After debuting in the 2015 Beach Volleyball Challenge Cup, the Meralco Power Spikers made their indoor volleyball debut. Additionally, the RC Cola-Air Force Raiders made their return after a hiatus in the previous conference. On the other hand, two teams had left, the Mane 'n Tail Lady Stallions and the Shopinas.com Lady Clickers.

Stav Jacobi, FIVB Executive Council member and chief organizer of the FIVB World Women's Club Volleyball Championship, was the guest of honor for the opening ceremony, while Prajaya Chaiyakam, the deputy managing director of SMMTV, Asian Volleyball Confederation (AVC)'s official TV partner, and his cameraman went to Cuneta Astrodome to witness Game 1 of the PSL Finals.

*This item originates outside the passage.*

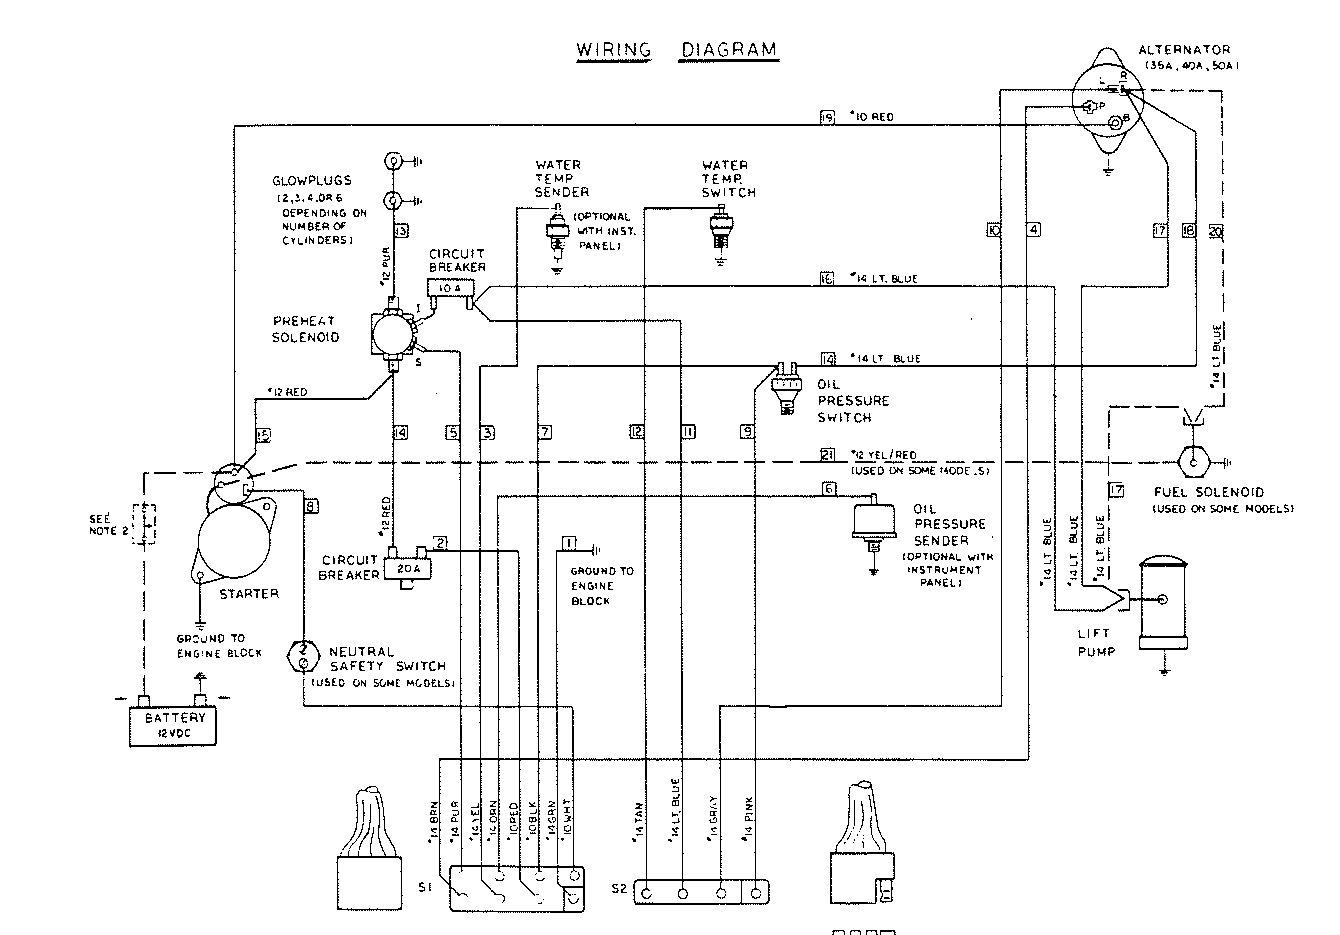 westerbeke wiring diagram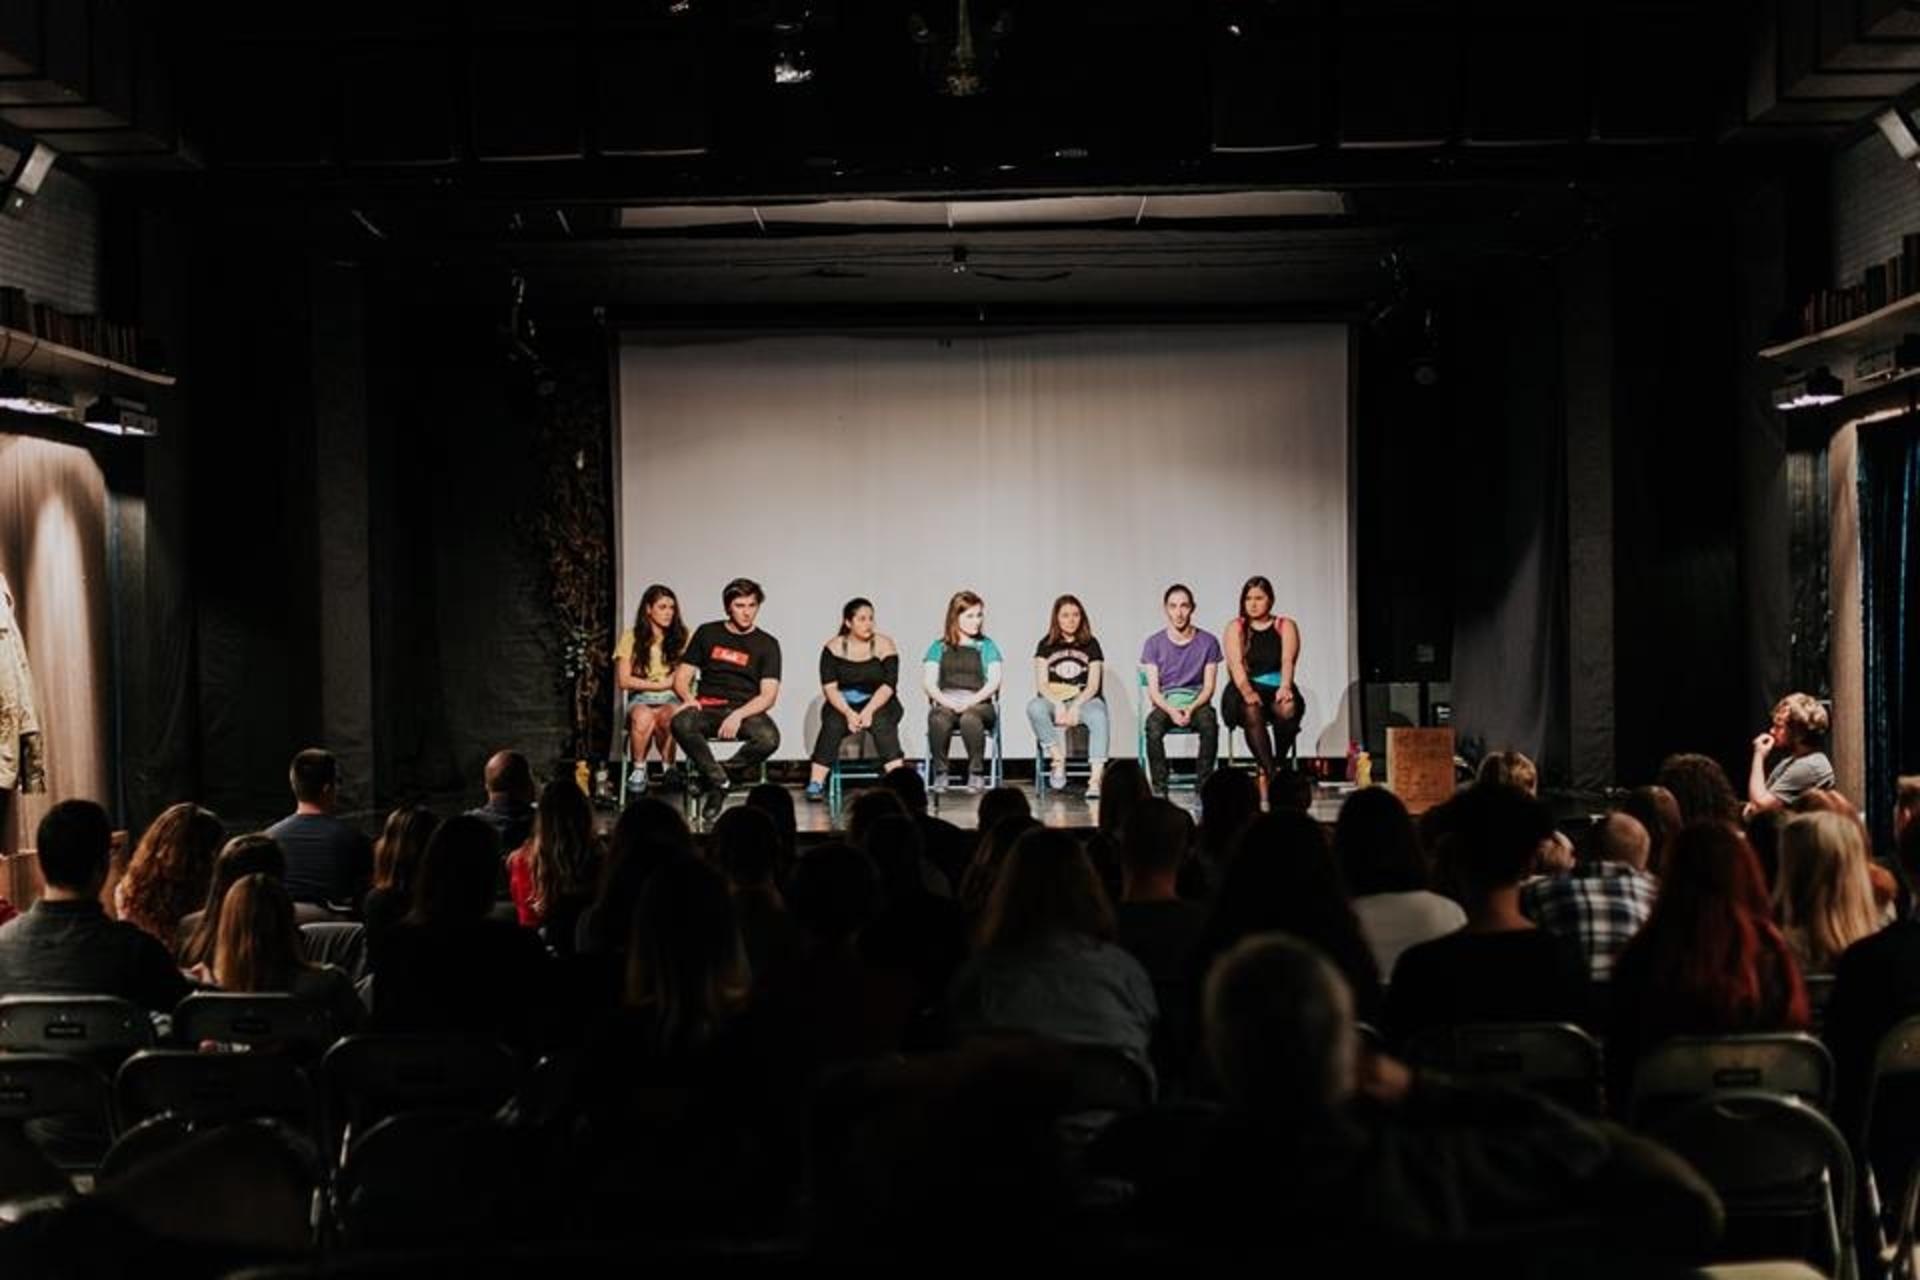 """5 profesioniști ai unor meserii noi îi așteaptă  pe liceeni la """"Întâlniri Creative"""""""

The tournament was won by the Foton Tornadoes, earning their first title, after defeating two-time defending champions Petron Blaze Spikers in the finals. Foton would represent the Philippines at the 2016 Asian Women's Club Volleyball Championship.

==Video challenge system==
The PSL became the third Southeast Asia-based volleyball club league (after Thailand and Vietnam) to utilize the video challenge system allowing teams to challenge and decide crucial calls during the games for a fair and balanced officiating, as part of the full compliance to the FIVB rules. The system, reportedly worth ₱3 million, courtesy of Italy-based Data Volley (composed of machine and 26 high-definition cameras to be beamed through a giant LED screen provided by Sports5 inside the venue) arrived on October 26, 2015 and used on October 27, 2015, during the second round of the tournament. Emmanuel Celle of the Data Volley spearheaded the project.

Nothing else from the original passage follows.